Likely unlikely()s

By Jake Edge
December 15, 2010

The kernel has two macros to assist the compiler and CPU in doing branch prediction: likely() and unlikely(). As their names imply, they are meant to annotate tests in the code based on the likelihood that they will evaluate to true. But, getting it wrong such that something marked likely is actually unlikely—or vice versa—can impact performance as the CPU may prefetch the wrong instructions.

Steven Rostedt has been looking at the problem using the annotated branch profiler and found ten places "that really do not need to have an annotated branch, or the annotation is simply the opposite of what it should be". So, he created a series of patches that either switched the sense of the annotation or removed the likely()/unlikely() entirely.

As an example, page_mapping() had an unlikely() annotation that Rostedt reported as being "correct a total of 1909540379 times and incorrect 1270533123 times, with a 39% being incorrect". Those numbers come from his main workstation which runs a variety of standard programs (Firefox, XChat, etc.) as well as participating in his build farm, so it should represent a reasonably "normal" workload. Being wrong 39% of the time was pretty obviously too much and led to the removal of the annotation for that test.
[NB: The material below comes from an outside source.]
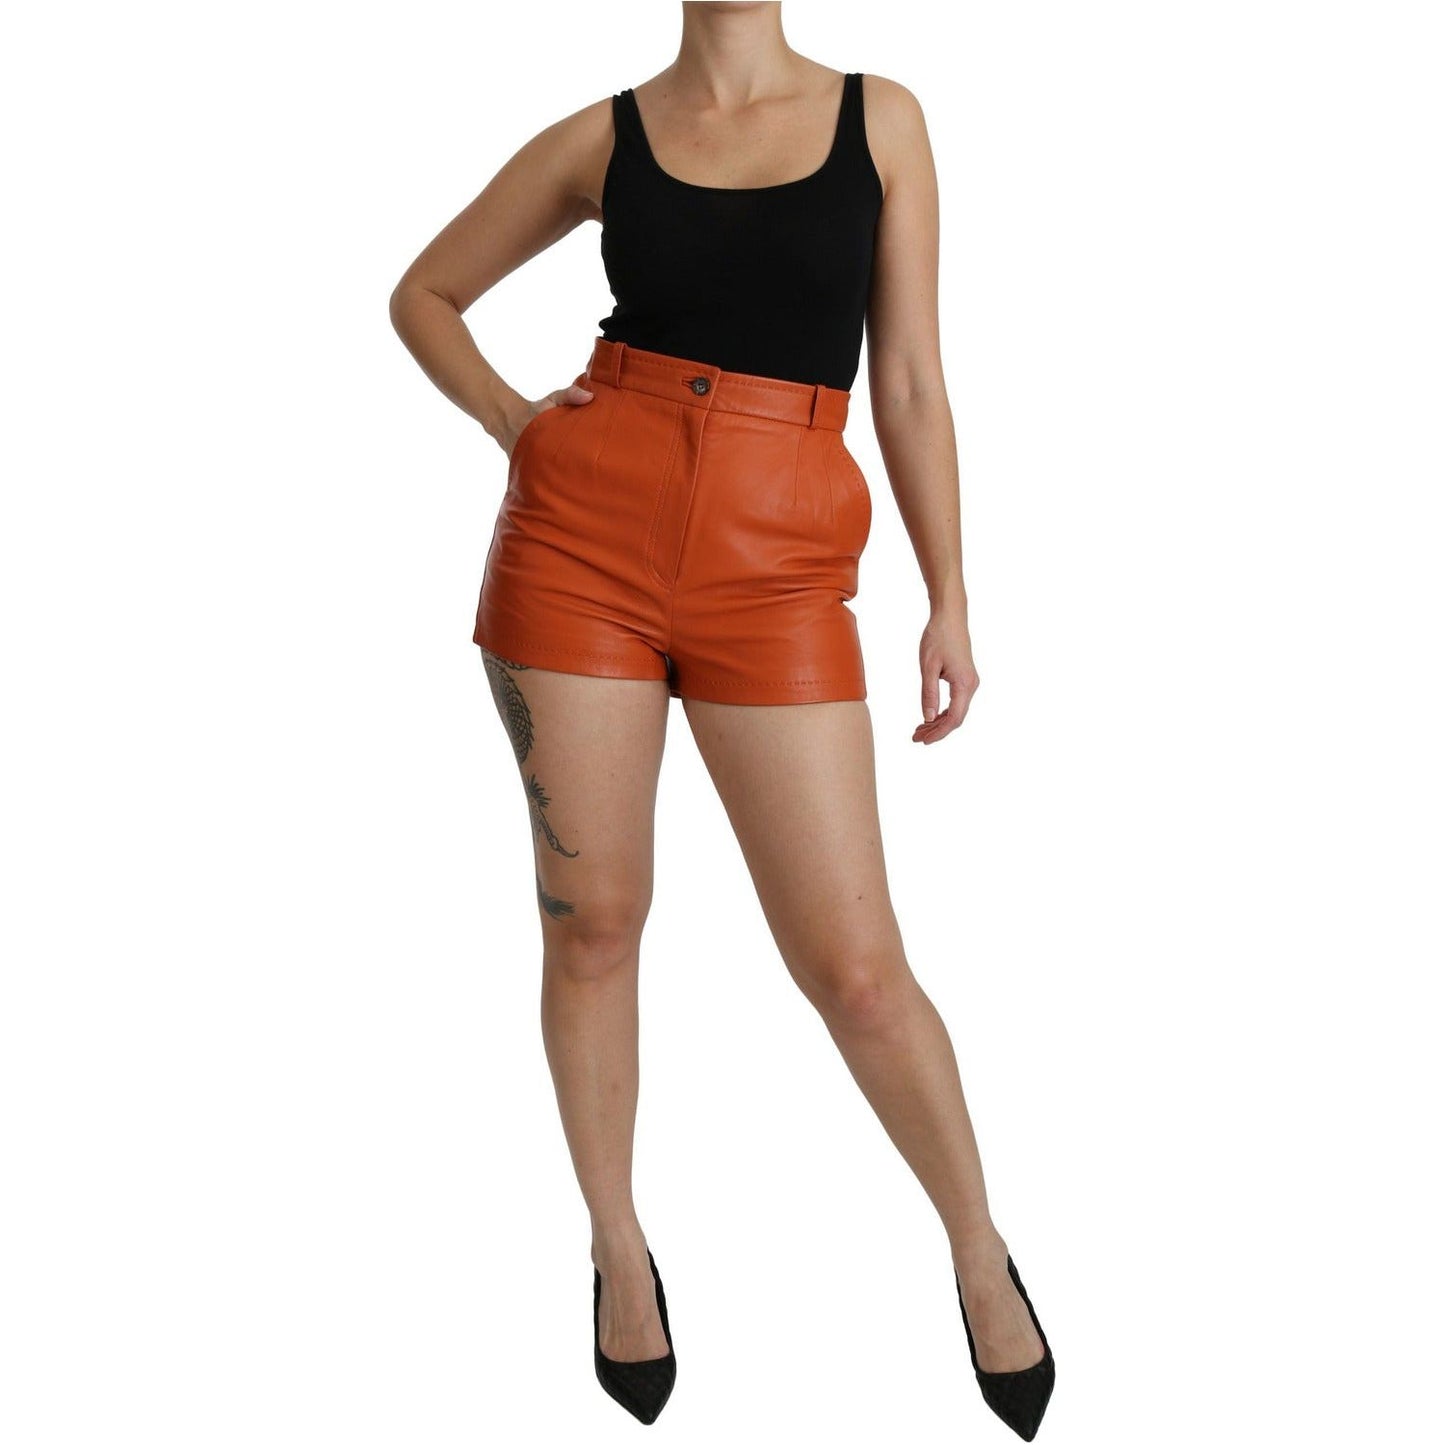 Dolce & Gabbana Chic Orange Leather High Waist Hot Pants Shorts orange-leather-high-waist-hot-pants-shorts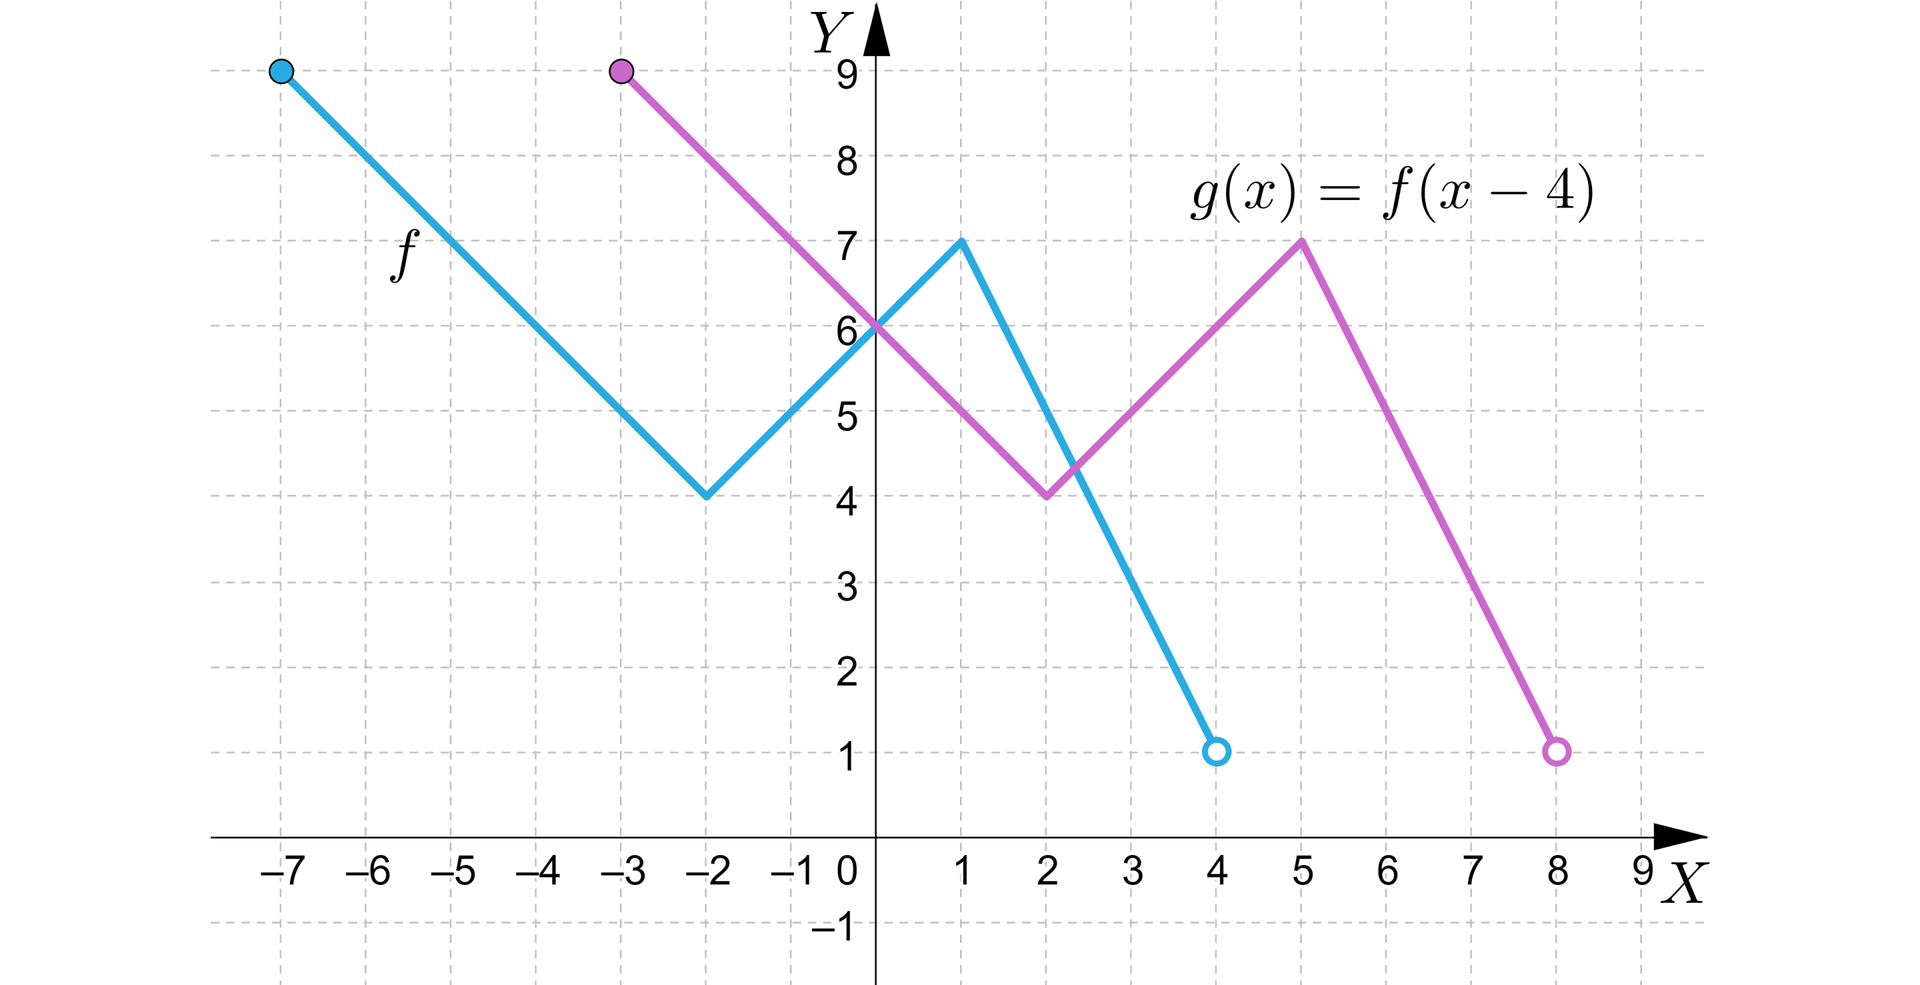 Na rysunku przedstawiony jest układ współrzędnych z poziomą osią X od minus dziewięciu do siedmiu oraz z pionową osią Y od minus jeden do dziewięciu. W układzie zaznaczono dwa wykresy funkcji. Wykres funkcji f jest w postaci łamanej, która zaczyna się w punkcie należącym do wykresu  o współrzędnych -7,9. Następnie wykres funkcji maleje do punktu o współrzędnych -2,4, a potem rośnie do punktu o współrzędnych 1,7. Ostatecznie wykres funkcji maleje do punktu nie należącego do wykresu o współrzędnych 4,1. Drugi wykres funkcji g również jest w postaci łamanej, która zaczyna się w punkcie należącym do wykresu o współrzędnych -3,9. Następnie wykres funkcji maleje do punktu o współrzędnych 2,4, a potem rośnie do punktu o współrzędnych 5,7. Ostatecznie wykres funkcji maleje do punktu nie należącego do wykresu o współrzędnych 8,1.  Wykres funkcji opisano zależnością gx=fx-4.

The changes are various subsystems including the scheduler, memory management, and VFS. So far, there have been no complaints, though there have been several requests to completely remove annotations that had just been changed in order to allow the compiler's and CPU's branch prediction logic make the decision. That, and breaking the patches up into separate sets for each subsystem, caused Rostedt to respin them. It would seem likely() that we'll see them make their way into 2.6.38.

Index entries for this article
Kernel	likely()

Likely unlikely()s

Posted Dec 16, 2010 4:53 UTC (Thu) by JoeBuck (subscriber, #2330) [Link] (1 responses)

I recall that there was once a compiler that implemented the user-specified branch likelihood hint backwards and it was at least a year before anyone noticed, but this may be an apocryphal story. Does anyone remember?

Likely unlikely()s

Posted Dec 16, 2010 14:45 UTC (Thu) by Yorick (guest, #19241) [Link]

I have heard that story been told in conjunction with the FORTRAN's original FREQUENCY statement, which allegely was dropped because of this (and because humans turned out to be bad at estimating branch frequencies in general). Anyway, I cannot seem to find a source for this either.

Likely unlikely()s

Posted Dec 16, 2010 5:09 UTC (Thu) by jzbiciak (guest, #5246) [Link] (11 responses)

Being wrong 39% of the time was pretty obviously too much and led to the removal of the annotation for that test.

What that's saying is that a 60:40 ratio is too close. So what is an appropriate threshold?

It seems like any notable bias in a particular direction should be reason enough. The main key is whether the bias is stable over a range of reasonable workloads. (Note I say "reasonable". If you have likely(doesn't segfault) and then run a workload full of segfaults, well that's just silly.)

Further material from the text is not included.